Start of Input for this task

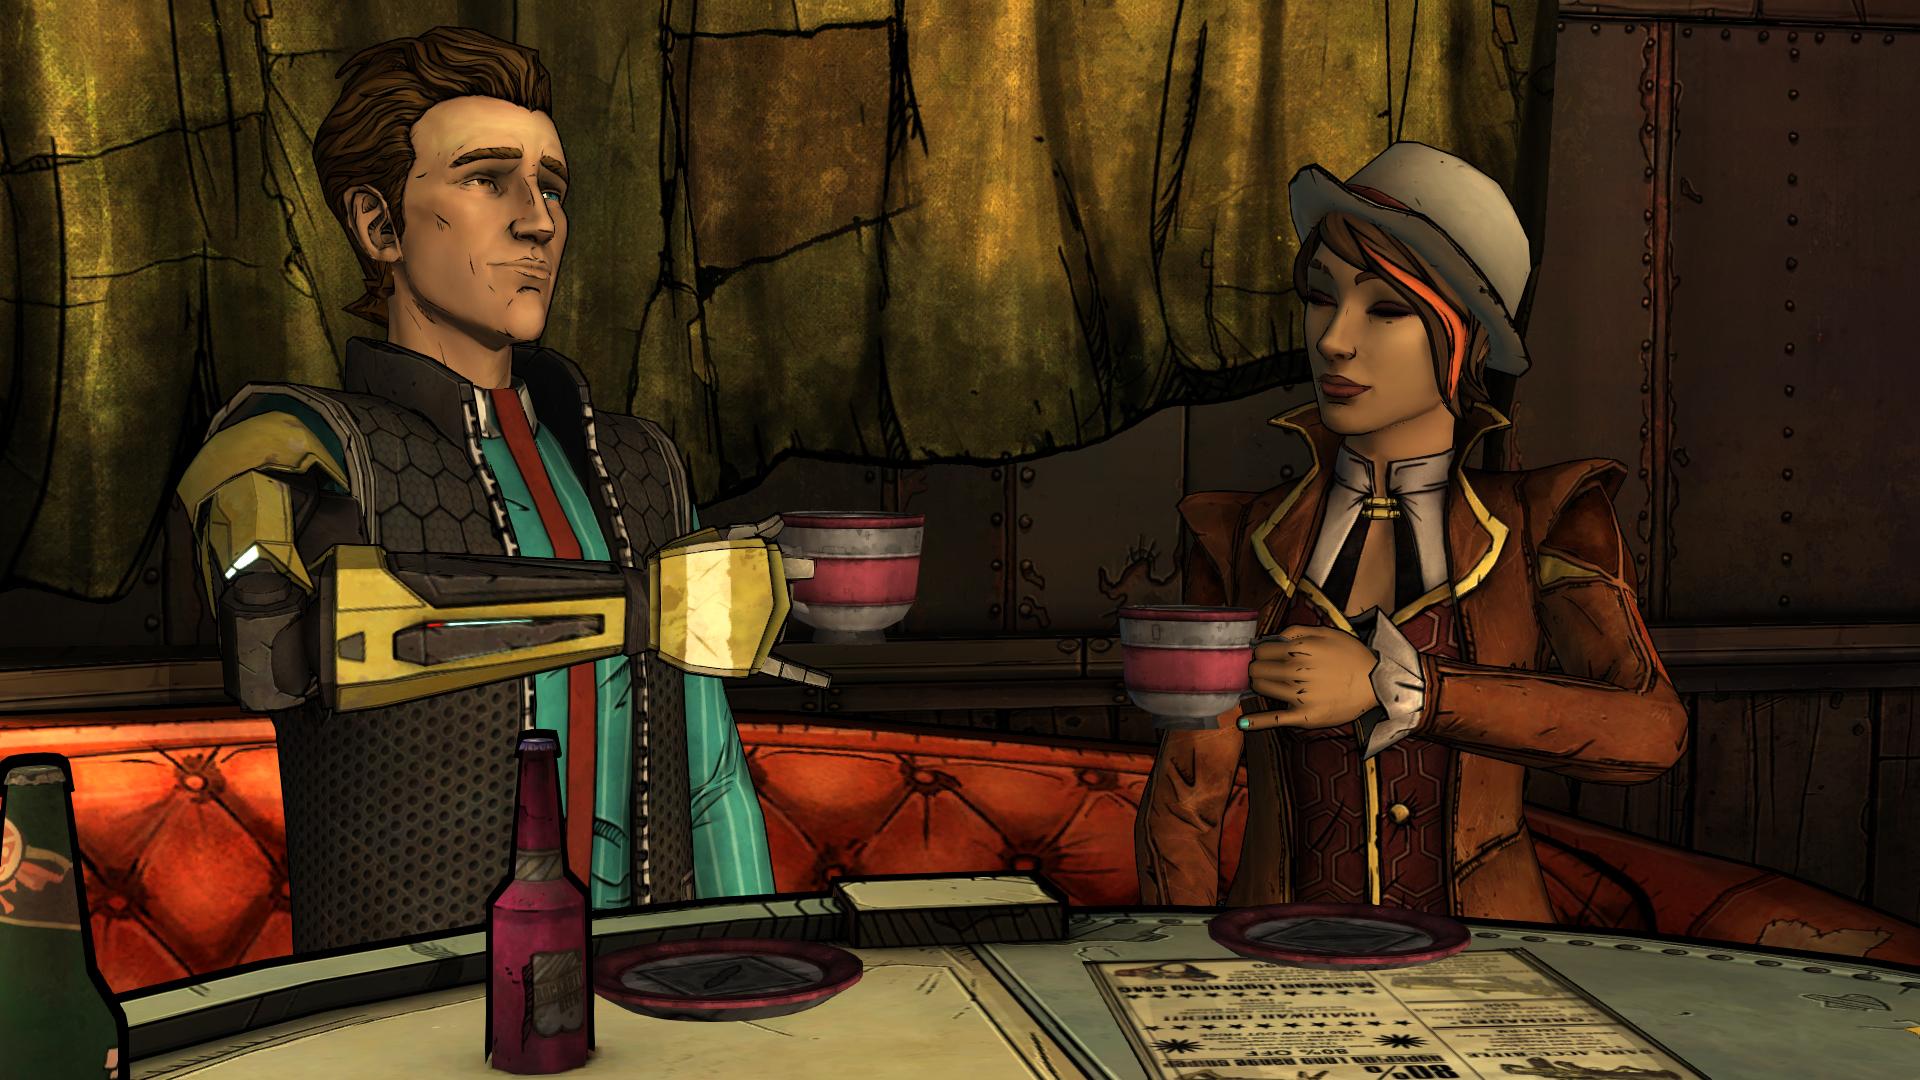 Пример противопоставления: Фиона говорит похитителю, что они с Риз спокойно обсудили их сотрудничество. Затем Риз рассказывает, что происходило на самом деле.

End of Input for this task
Start of Input for this task

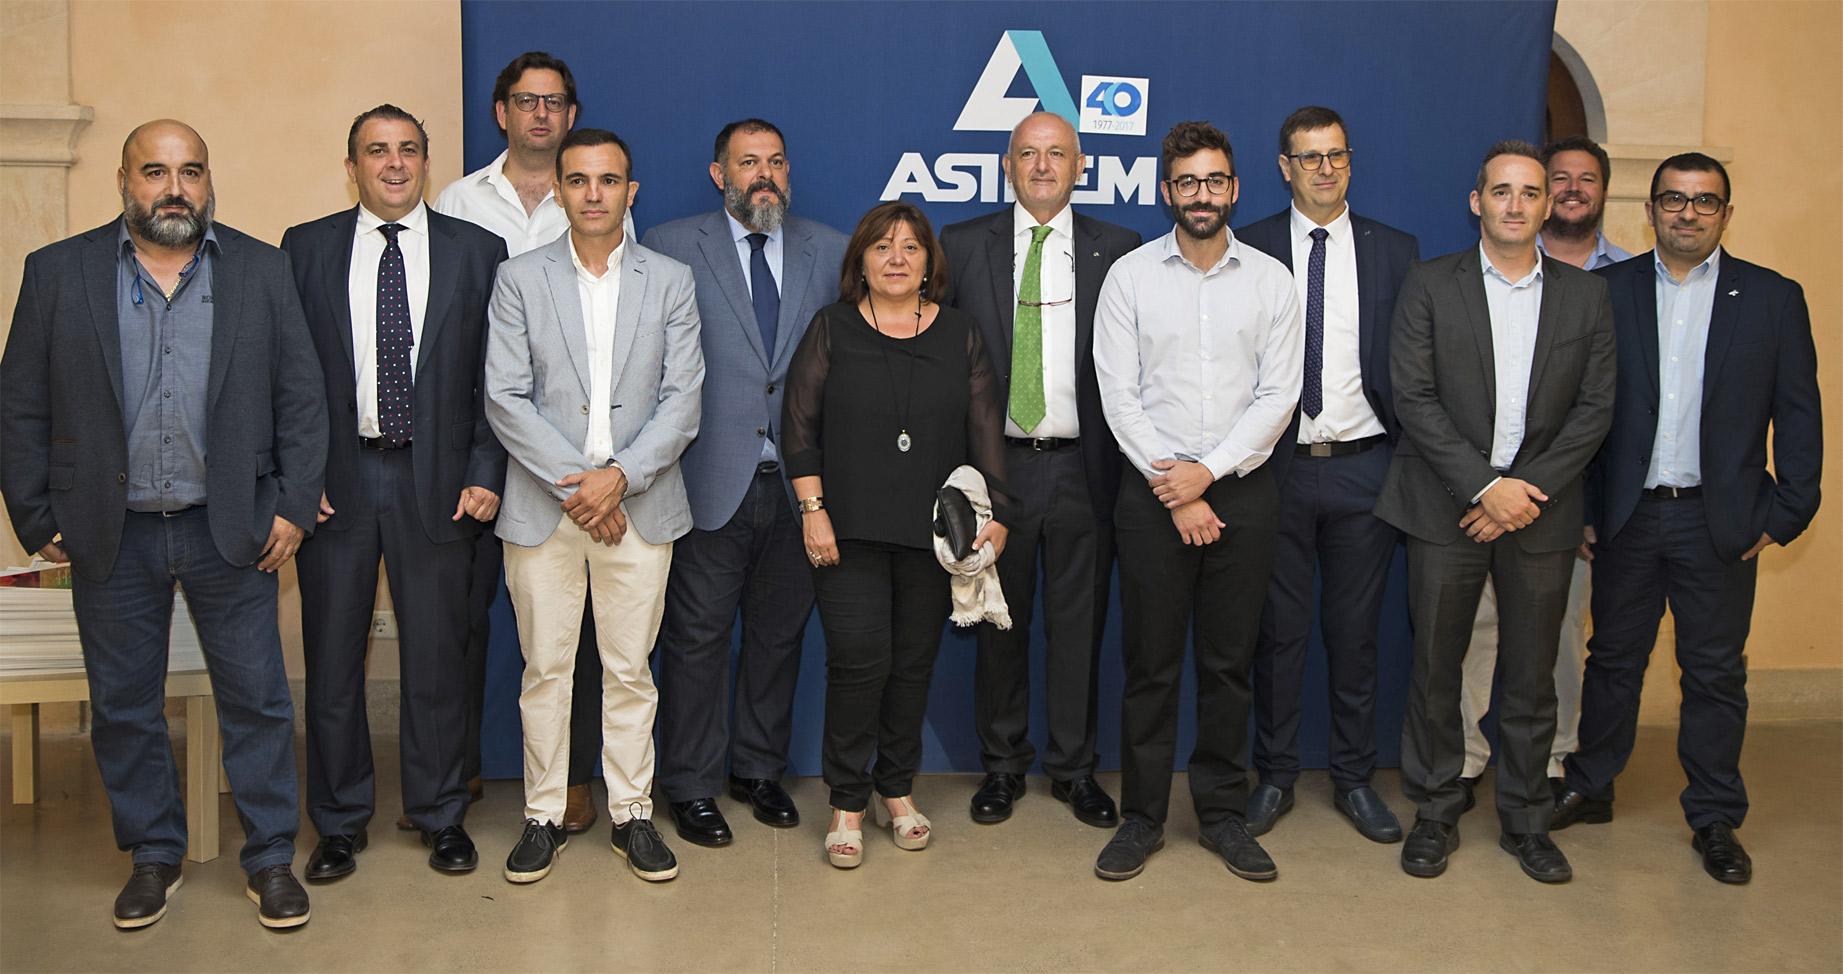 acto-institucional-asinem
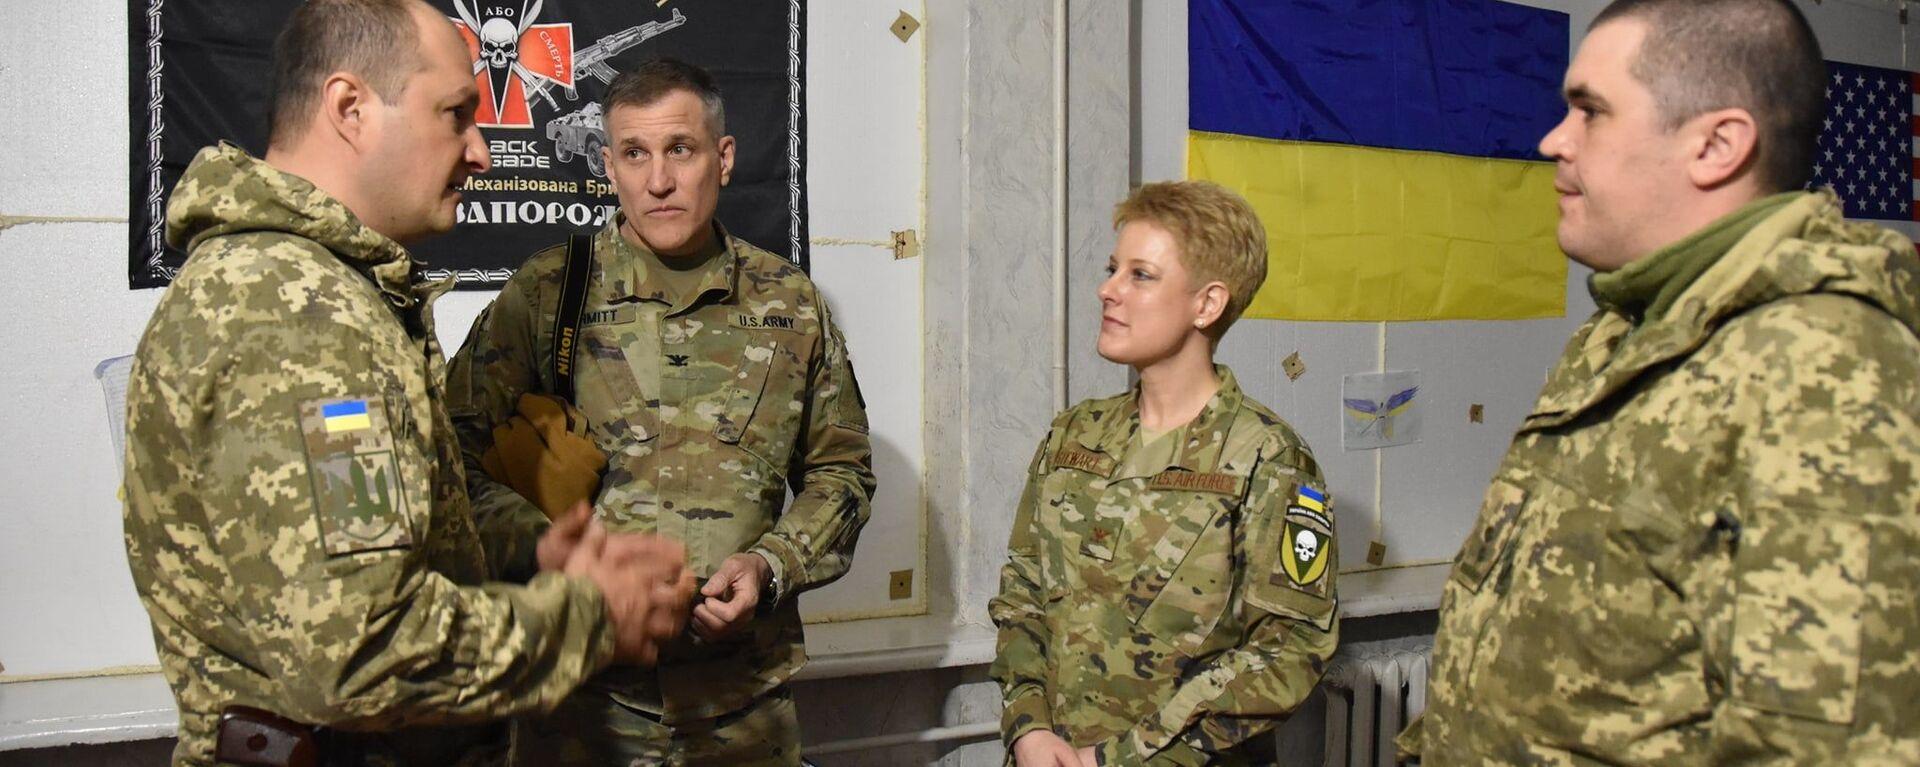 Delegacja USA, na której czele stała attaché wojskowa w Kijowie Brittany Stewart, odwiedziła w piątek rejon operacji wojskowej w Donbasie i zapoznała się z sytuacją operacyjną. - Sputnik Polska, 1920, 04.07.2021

End of Input for this task

§ Problem requirements: All that is wanted is the lines above between the one containing "acto-institucional-asinem" and the one containing "Delegacja USA, na", inclusive, restated word for word, with pictures omitted.

§ Worked solution:
 acto-institucional-asinem
 Delegacja USA, na której czele stała attaché wojskowa w Kijowie Brittany Stewart, odwiedziła w piątek rejon operacji wojskowej w Donbasie i zapoznała się z sytuacją operacyjną. - Sputnik Polska, 1920, 04.07.2021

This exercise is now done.